Helen could be seen as eccentric but her eccentricities had purpose. She carried a large handbag at all times. If it was mislaid that was the junior trainee’s responsibility. Its contents included menthol cigarettes (with characteristic fortitude she decided to give up one day and never smoked again), arrowroot biscuits and a tool kit. The biscuits were so that she could work through mealtimes and get on with the next operation. The tool kit (which tended to cause problems at airports) ensured that if there was an equipment failure she could attend to it herself and get on with the work promptly.
Away from work Helen was cultured and sociable, warm and humorous. She could discuss art, literature and music knowledgeably. Mozart was a particular favourite. Her annual Christmas party was eagerly anticipated; the food and drink were lavish and we gathered round the piano (Helen playing) to sing carols. Her relaxation often centred round her canal narrow-boat, Katkin, and she had many amusing anecdotes concerning boating mishaps to tell between operations in the theatre coffee room.
Helen was proud, but humble and reticent about her achievements, not given to self-promotion. Jesus said that “A prophet is not without honour, save in his own country” and Helen exemplified this. Carachi, in his book The History of Surgical Paediatrics, 2009, makes no mention of Noblett or Bristol in his 14- page chapter on Great Britain. E. Durham Smith in his 26- page chapter on Australia does devote a few lines to her. However she was much revered in other countries.
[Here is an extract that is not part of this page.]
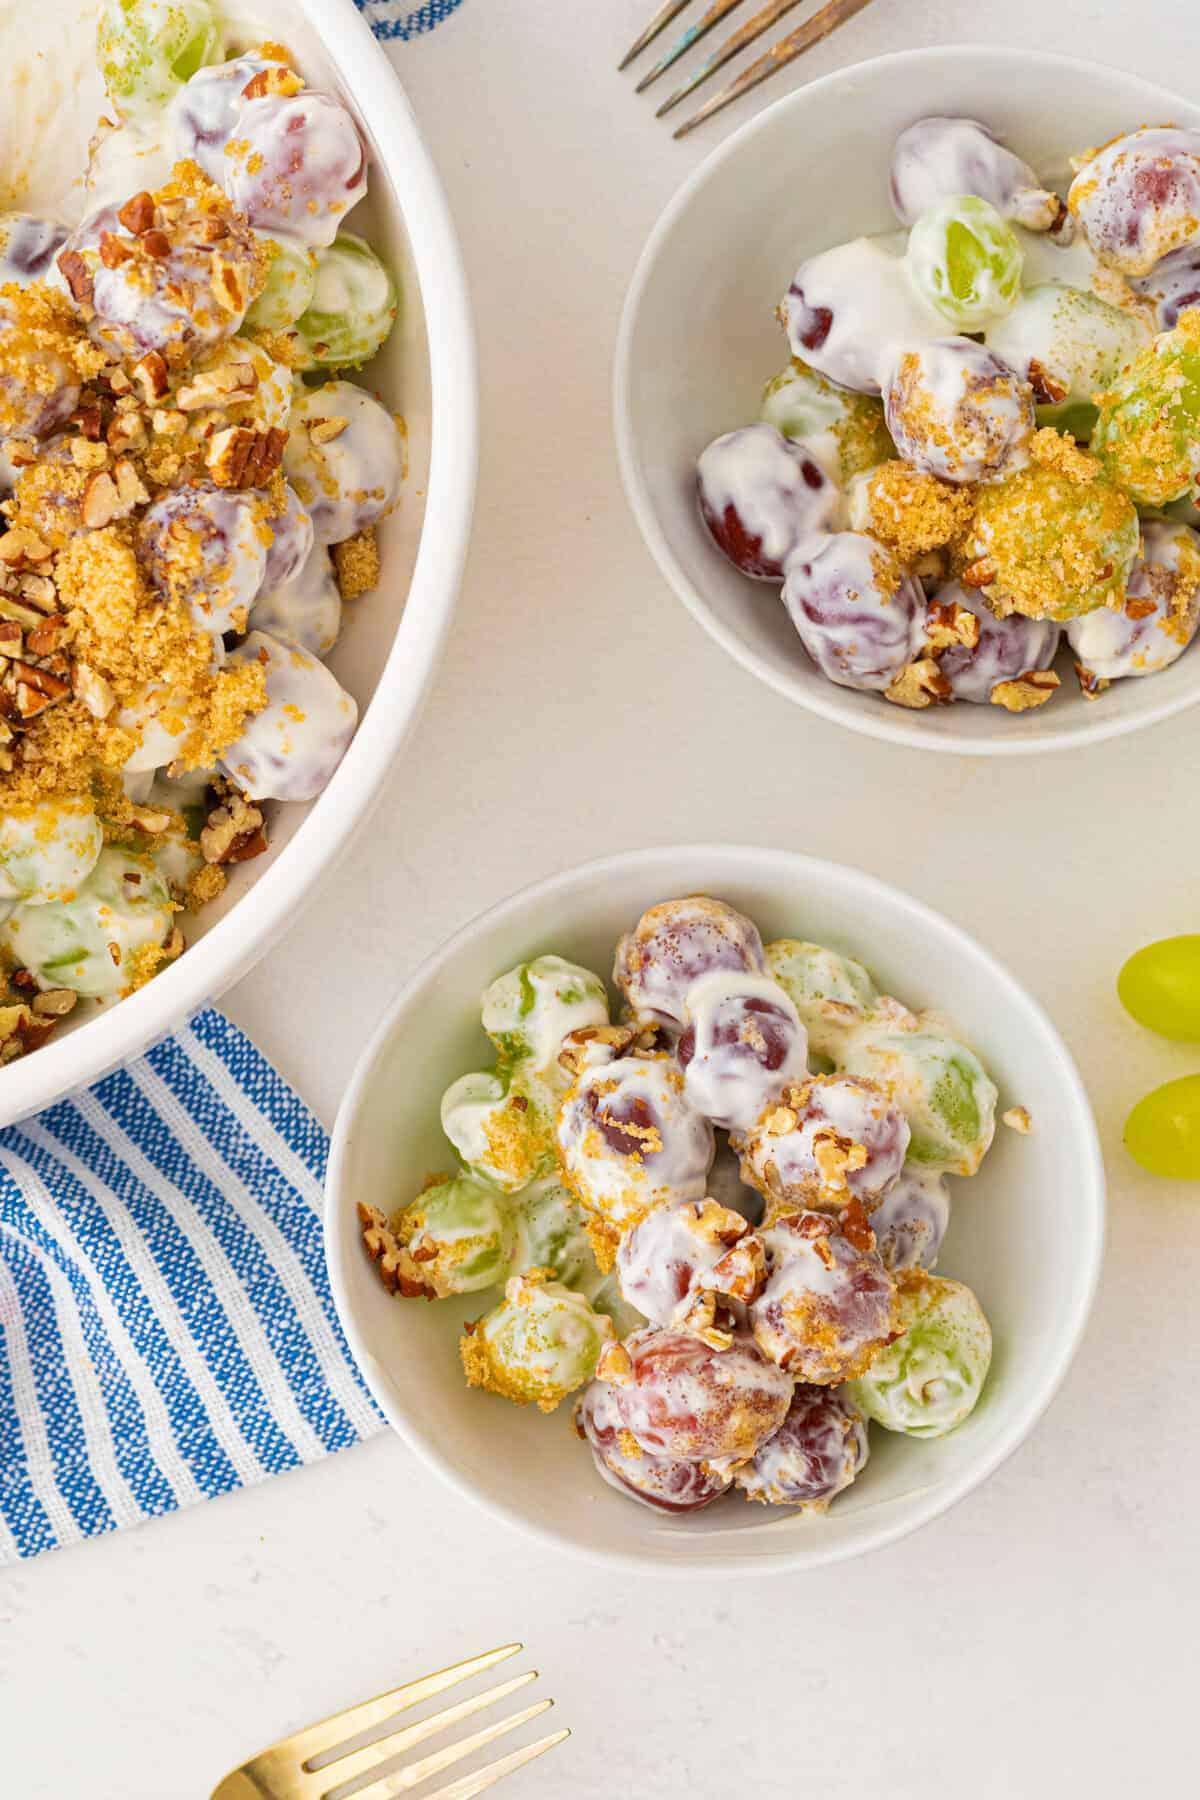 grape salad in white bowls

In a recent publication, Vignettes from the History of Pediatric Surgery (Journal of Pediatric Surgery 2020) which almost entirely concerns USA surgeons, she merits a full section devoted to her achievements.
Helen is survived by Dr Maria Spyt, her friend and companion for over 30 years.
Helen Noblett deserves to be remembered as a great character and a paediatric surgeon of the highest calibre. Her legacies are her innovations in her field, the many departments around the world which she inspired, the large number of children (now all adults) who owe their lives to her exceptional abilities and the large and thriving department of paediatric surgery in Bristol today.
I am grateful for the helpful contributions of colleagues and former trainees in the preparation of this obituary.
We mourn the passing on Christmas Day 2020 of Helen Noblett, one of the first generation of paediatric surgeons who laid the foundations of our specialty. Loved by the families to whose children she was fiercely devoted and whose care she fought to advance, she was revered by many of her junior trainees. She set high standards and expected others to reach them, but was a kind and supportive friend.
She was an independent woman who succeeded in a man’s world and forged a path for others to follow.